About this task
Would you please set down the lines of the data from the one containing "Lululemon Warp Lite Jacket - Dark Olive" to the final line, exactly and only those?

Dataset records
◆ ◆ ◆ ◆
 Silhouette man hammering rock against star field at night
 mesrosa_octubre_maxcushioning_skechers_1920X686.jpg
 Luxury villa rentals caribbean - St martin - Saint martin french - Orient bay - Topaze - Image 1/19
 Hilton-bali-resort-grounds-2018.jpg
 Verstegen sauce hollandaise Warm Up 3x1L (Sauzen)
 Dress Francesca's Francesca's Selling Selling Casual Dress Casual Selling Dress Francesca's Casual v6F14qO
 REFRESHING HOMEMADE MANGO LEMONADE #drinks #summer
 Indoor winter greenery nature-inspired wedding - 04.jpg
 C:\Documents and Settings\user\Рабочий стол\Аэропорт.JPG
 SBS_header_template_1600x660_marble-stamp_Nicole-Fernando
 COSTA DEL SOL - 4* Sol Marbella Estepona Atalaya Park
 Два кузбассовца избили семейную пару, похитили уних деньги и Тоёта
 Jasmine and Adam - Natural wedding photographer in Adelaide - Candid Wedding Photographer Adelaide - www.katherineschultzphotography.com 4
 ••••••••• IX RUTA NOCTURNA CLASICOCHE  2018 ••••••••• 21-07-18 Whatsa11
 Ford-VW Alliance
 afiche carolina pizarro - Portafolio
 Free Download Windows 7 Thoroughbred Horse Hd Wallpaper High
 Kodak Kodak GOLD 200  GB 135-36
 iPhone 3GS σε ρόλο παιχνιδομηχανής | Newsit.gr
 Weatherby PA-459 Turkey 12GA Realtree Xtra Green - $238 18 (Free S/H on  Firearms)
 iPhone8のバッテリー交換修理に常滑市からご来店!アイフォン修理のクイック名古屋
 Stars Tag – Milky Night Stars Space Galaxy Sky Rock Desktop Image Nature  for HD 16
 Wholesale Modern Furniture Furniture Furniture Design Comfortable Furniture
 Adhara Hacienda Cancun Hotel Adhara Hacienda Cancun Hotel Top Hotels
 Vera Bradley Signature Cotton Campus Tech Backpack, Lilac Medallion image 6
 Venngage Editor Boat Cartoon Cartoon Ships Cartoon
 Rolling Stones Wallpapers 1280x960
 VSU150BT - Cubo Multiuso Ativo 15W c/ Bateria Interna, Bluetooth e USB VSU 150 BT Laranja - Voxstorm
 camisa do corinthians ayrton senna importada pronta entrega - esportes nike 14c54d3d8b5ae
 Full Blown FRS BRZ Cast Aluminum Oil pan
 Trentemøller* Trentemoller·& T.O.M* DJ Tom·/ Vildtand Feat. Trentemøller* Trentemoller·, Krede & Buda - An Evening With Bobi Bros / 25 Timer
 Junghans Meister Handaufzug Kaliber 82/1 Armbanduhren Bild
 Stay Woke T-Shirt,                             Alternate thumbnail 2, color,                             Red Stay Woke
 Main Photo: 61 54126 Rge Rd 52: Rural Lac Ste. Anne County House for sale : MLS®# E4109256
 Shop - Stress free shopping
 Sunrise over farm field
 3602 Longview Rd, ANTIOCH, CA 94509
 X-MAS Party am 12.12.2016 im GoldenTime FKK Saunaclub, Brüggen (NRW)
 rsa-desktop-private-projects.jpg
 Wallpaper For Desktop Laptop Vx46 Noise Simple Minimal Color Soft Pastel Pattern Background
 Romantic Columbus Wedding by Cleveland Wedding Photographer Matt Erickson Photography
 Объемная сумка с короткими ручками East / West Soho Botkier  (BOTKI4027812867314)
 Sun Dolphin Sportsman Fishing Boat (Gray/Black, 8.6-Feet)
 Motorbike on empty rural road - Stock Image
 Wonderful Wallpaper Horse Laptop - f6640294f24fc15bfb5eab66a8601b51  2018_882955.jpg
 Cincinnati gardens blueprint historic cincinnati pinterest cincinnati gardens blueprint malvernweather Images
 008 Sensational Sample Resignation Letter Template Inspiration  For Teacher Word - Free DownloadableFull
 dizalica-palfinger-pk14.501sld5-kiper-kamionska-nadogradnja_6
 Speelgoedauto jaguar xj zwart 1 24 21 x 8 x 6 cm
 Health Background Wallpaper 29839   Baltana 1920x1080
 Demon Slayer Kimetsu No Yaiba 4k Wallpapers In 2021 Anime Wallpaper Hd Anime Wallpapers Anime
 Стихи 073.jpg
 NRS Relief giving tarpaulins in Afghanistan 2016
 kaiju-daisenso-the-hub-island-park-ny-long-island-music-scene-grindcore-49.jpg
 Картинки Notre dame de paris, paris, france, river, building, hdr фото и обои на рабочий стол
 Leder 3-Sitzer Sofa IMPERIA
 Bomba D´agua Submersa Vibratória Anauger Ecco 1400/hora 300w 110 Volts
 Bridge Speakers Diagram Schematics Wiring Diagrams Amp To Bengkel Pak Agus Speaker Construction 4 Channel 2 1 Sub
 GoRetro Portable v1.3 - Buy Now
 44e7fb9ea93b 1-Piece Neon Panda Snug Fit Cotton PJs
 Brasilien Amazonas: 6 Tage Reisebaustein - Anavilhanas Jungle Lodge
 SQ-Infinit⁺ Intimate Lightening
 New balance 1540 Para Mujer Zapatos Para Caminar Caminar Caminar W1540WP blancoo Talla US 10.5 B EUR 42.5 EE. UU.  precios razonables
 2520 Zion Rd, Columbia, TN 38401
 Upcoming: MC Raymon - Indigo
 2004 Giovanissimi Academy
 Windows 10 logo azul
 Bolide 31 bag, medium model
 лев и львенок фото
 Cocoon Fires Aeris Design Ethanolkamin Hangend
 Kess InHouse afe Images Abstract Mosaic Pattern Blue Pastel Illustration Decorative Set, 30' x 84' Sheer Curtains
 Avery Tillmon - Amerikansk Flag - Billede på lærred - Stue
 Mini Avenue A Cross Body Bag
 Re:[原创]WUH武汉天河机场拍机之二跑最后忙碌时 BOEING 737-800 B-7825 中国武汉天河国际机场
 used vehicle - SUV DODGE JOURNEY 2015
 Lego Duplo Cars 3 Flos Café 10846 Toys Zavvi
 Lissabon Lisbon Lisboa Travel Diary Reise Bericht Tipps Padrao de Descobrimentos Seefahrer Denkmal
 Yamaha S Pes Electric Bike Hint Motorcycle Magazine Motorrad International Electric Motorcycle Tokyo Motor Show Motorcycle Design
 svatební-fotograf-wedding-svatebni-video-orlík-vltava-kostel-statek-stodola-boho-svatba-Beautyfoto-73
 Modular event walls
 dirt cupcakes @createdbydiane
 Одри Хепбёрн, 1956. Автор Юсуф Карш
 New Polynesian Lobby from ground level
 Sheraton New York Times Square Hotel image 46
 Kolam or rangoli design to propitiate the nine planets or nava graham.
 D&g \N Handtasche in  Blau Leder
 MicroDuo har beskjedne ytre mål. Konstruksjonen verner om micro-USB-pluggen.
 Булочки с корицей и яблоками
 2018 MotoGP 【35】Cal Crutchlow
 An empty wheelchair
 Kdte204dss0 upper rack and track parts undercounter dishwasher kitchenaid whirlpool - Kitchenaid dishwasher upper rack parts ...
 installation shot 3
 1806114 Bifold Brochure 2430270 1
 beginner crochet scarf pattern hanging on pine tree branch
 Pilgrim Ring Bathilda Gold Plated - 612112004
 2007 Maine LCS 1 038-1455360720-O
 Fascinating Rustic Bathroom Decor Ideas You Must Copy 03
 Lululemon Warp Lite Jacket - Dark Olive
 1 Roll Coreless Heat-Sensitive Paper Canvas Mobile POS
◆ ◆ ◆ ◆
Response to this task
 Lululemon Warp Lite Jacket - Dark Olive
 1 Roll Coreless Heat-Sensitive Paper Canvas Mobile POS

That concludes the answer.